Casa Gilardi, Mexico City

Mexico, Photography, Travel

Casa Gilardi is the last private home designed by renowned Mexican architect Luis Barragán in Mexico City. The house was built between 1975-1978 and is still owned by the original family who commissioned Barragán to build it. During our trip to Mexico City in March we visited this special house.


To visit Casa Gilardi you must make a reservation by email or phone. I emailed about 2 months in advance to make an appointment to visit. This is a privately owned home and the owners still live there. They are incredibly gracious to allow visitors into their home to see this important work by one of Mexico’s most important architects. Information on how to visit the home can be found on the website here. Prior to our visit I researched online to see what the visit would be like but I had trouble finding anything other than photos of the house. So this little photo tour will also include plenty of useful information.

Admission to Casa Gilardi is $300 MXN per person (cash only), plus an additional $500 MXN is you want to take photos. Only cell phone photos are allowed. The admission fee may seem steep, especially compared to other entrance fees for museums are the city. However, this is not a museum, this is someone’s private home. The money supports the family who open up their home to the public and helps to keep the house in good shape. Many of the private homes that Barragán designed have fallen into disrepair so the fact that this one is open to the public and is in such good shape is amazing. I felt the admission fee was well worth it an I really enjoyed our visit.

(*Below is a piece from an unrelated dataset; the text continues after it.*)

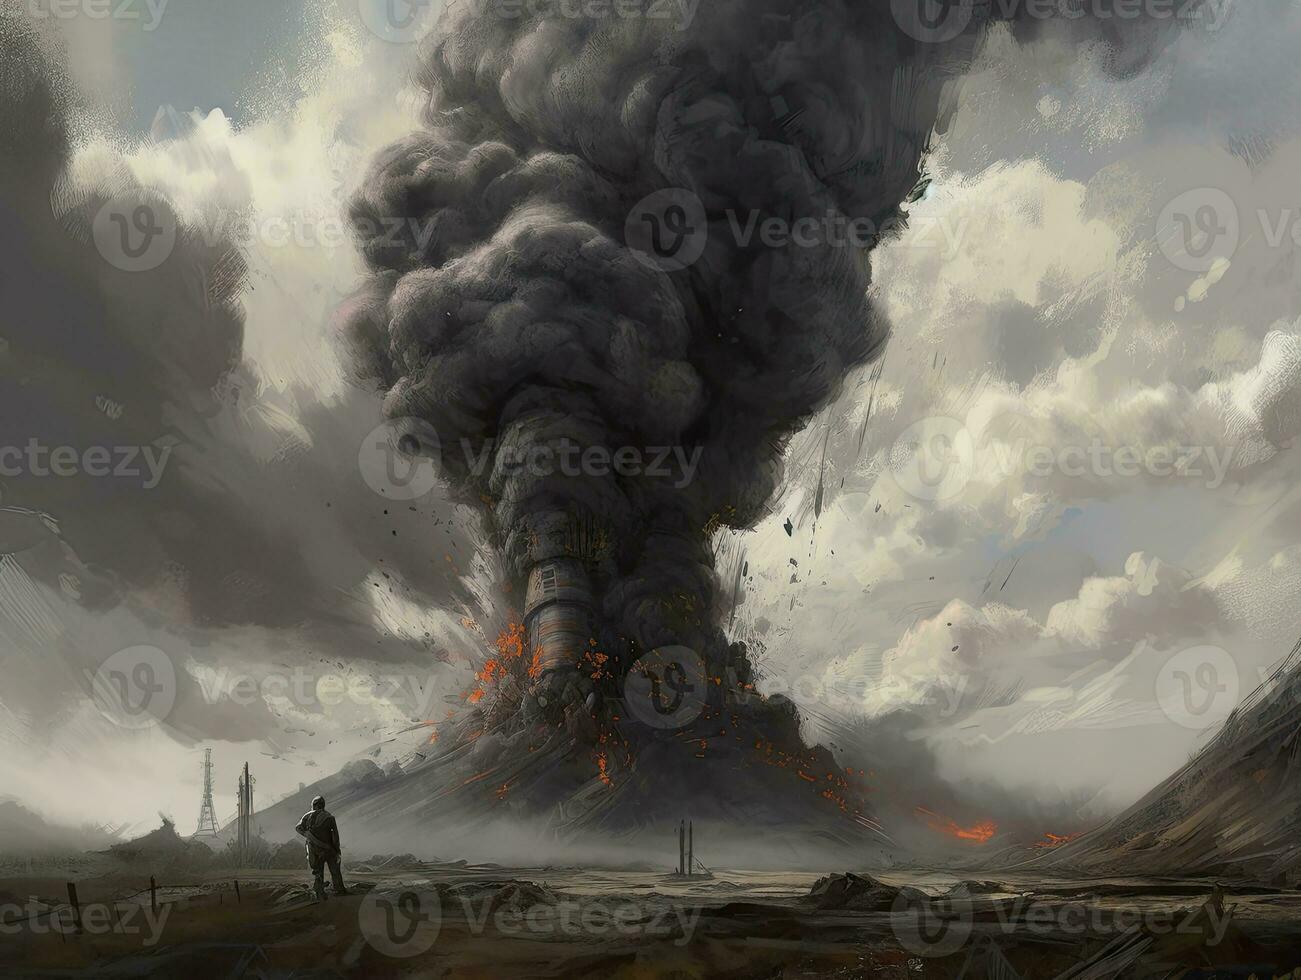 vulkaan explosie brand rook landschap stad mysticus poster buitenaards wezen steampunk behang fantastisch foto

Punctuality is important and it’s good to be a bit early for your time slot. We booked for 10am and arrived fairly early so we walked around the neighbourhood and returned to the entrance 5 minutes early. The whole process is a little confusing since unlike a museum there are no signs. Basically you just wait until the owner’s son comes to the door to let everyone in. There were about 15 other people visiting the house at the same time as us and I was a little concerned at first that it would be hard to get the photos I wanted. However, after a brief talk from the owner’s son who goes over the rules and goes a little interesting background on the house and Luis Barragán, you’re free to explore the house at your own pace (certain rooms are off limits since the family lives there). The owner’s son is also an architect so he provided some really nice perspective and history of the house that really helped me appreciate it more when exploring.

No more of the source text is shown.